→ **SOURCE MATERIAL**

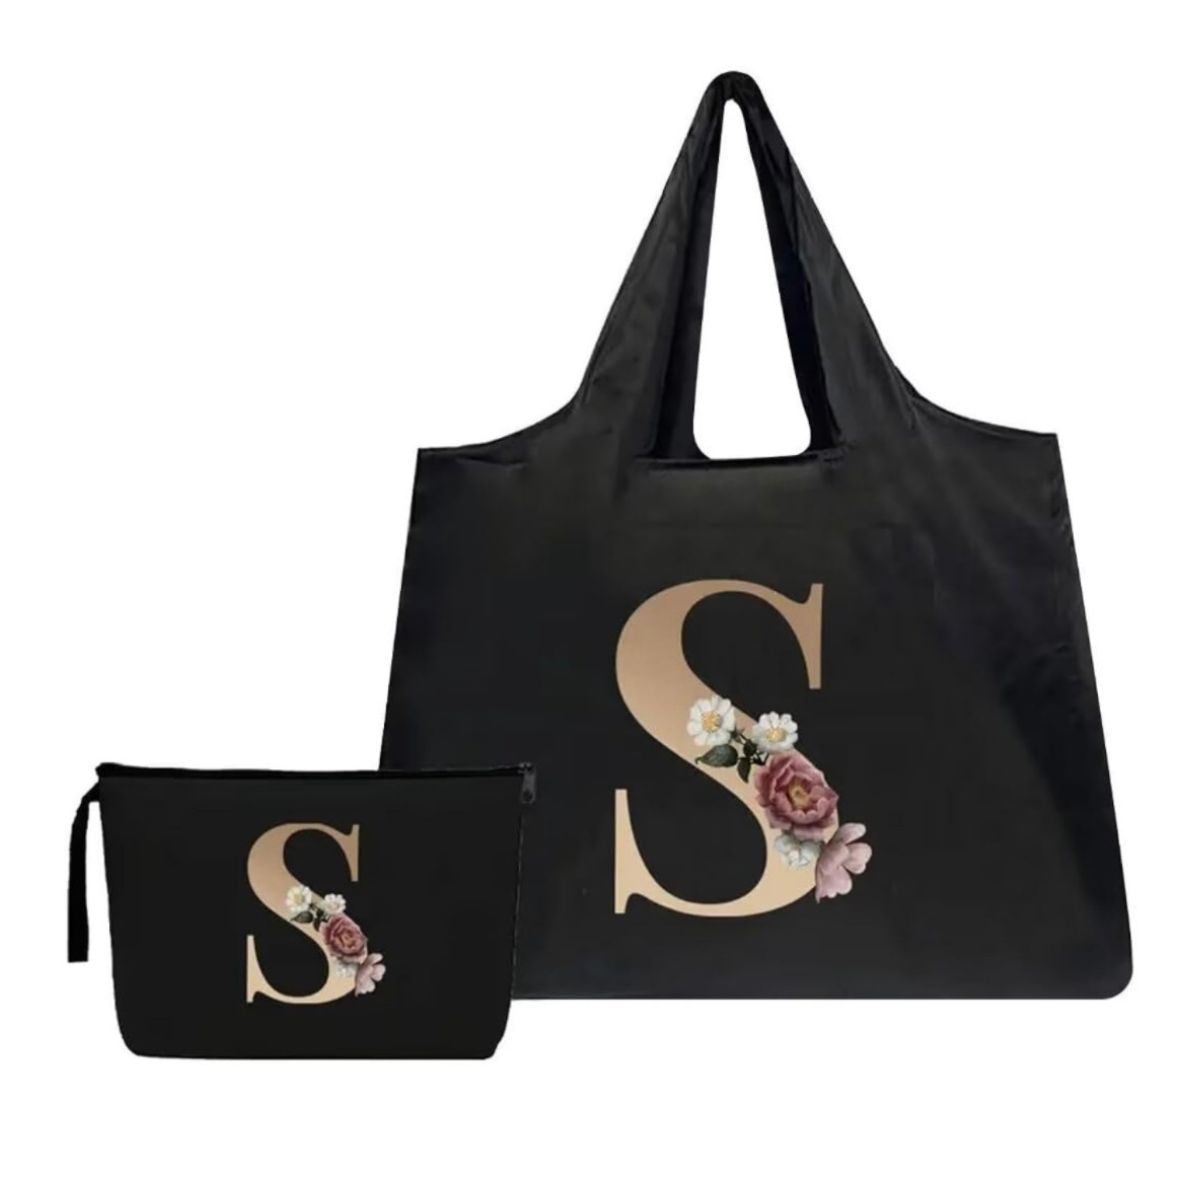 Foldable & Canvas Initial Tote Bags $6-$8+ | Smart Savers
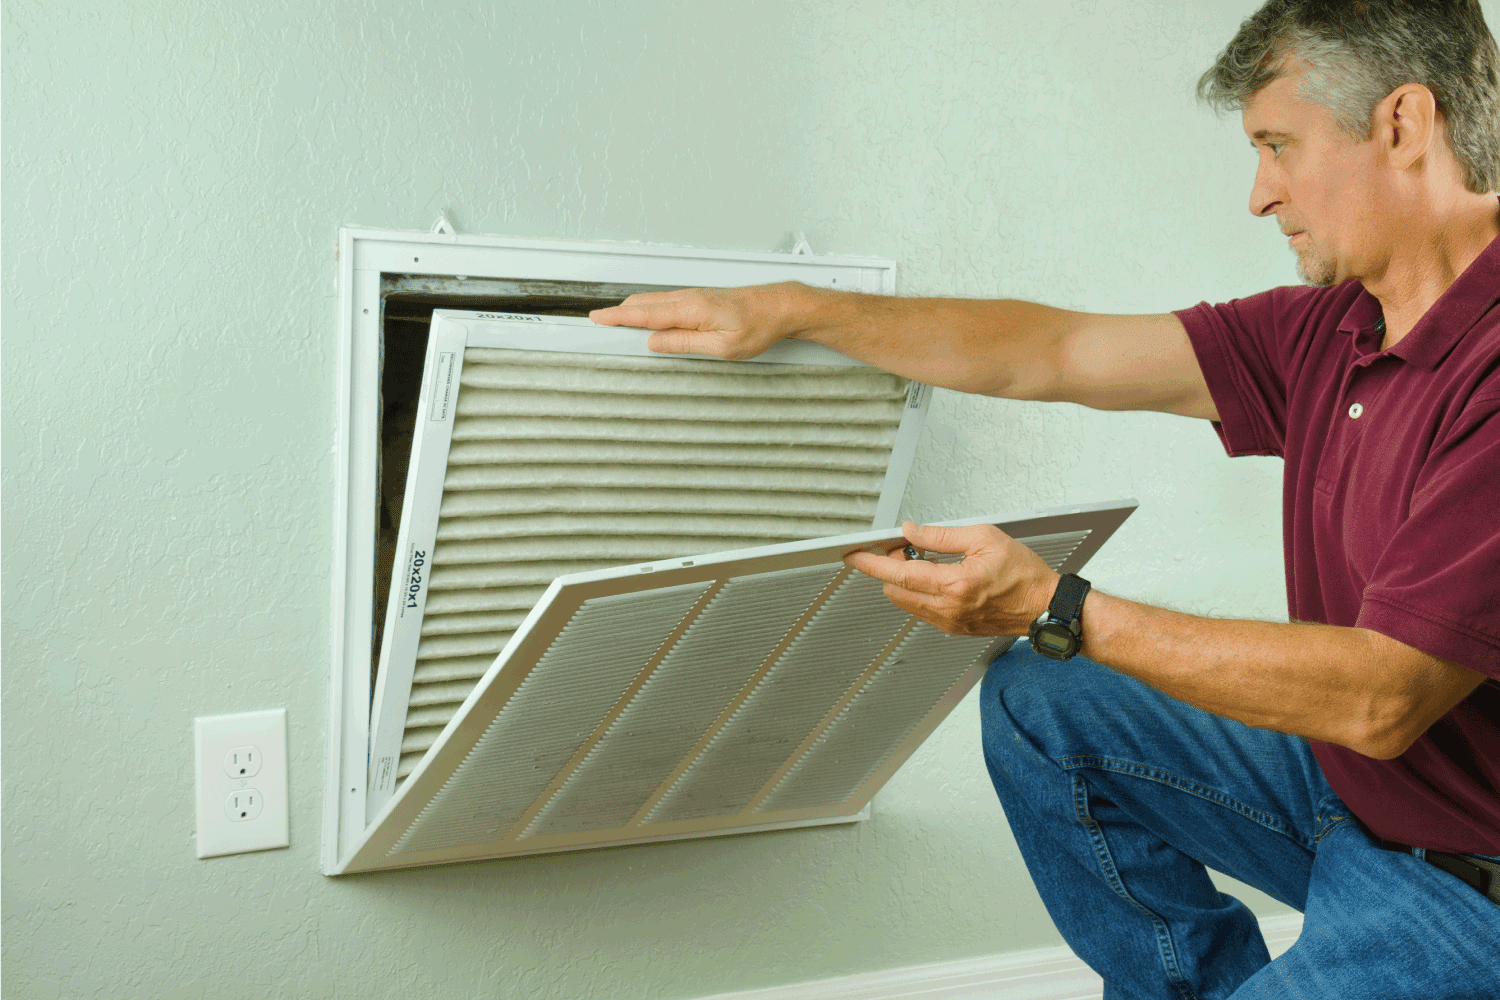 Professional repair service man or diy home owner removing a dirty air filter
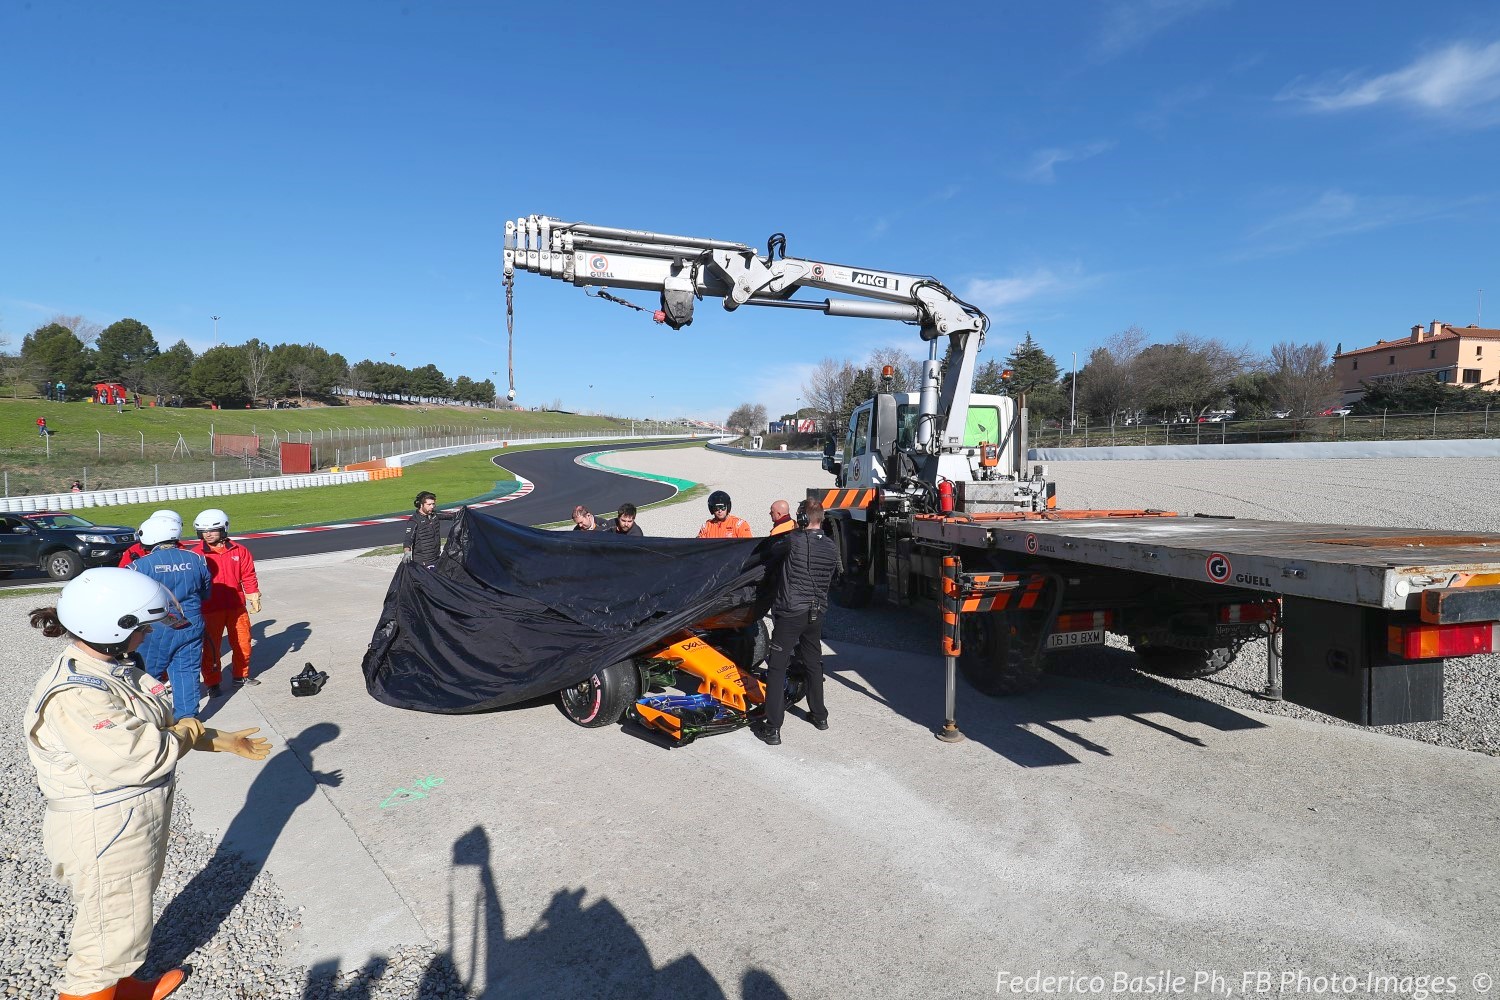 If the McLaren comes back on the flatbed much more Alonso will quit

→ **GOAL OF THE EXERCISE**
Omitting all images, print the listing exactly.

→ **PROBLEM SOLUTION**
 Foldable & Canvas Initial Tote Bags $6-$8+ | Smart Savers
 Professional repair service man or diy home owner removing a dirty air filter
 If the McLaren comes back on the flatbed much more Alonso will quit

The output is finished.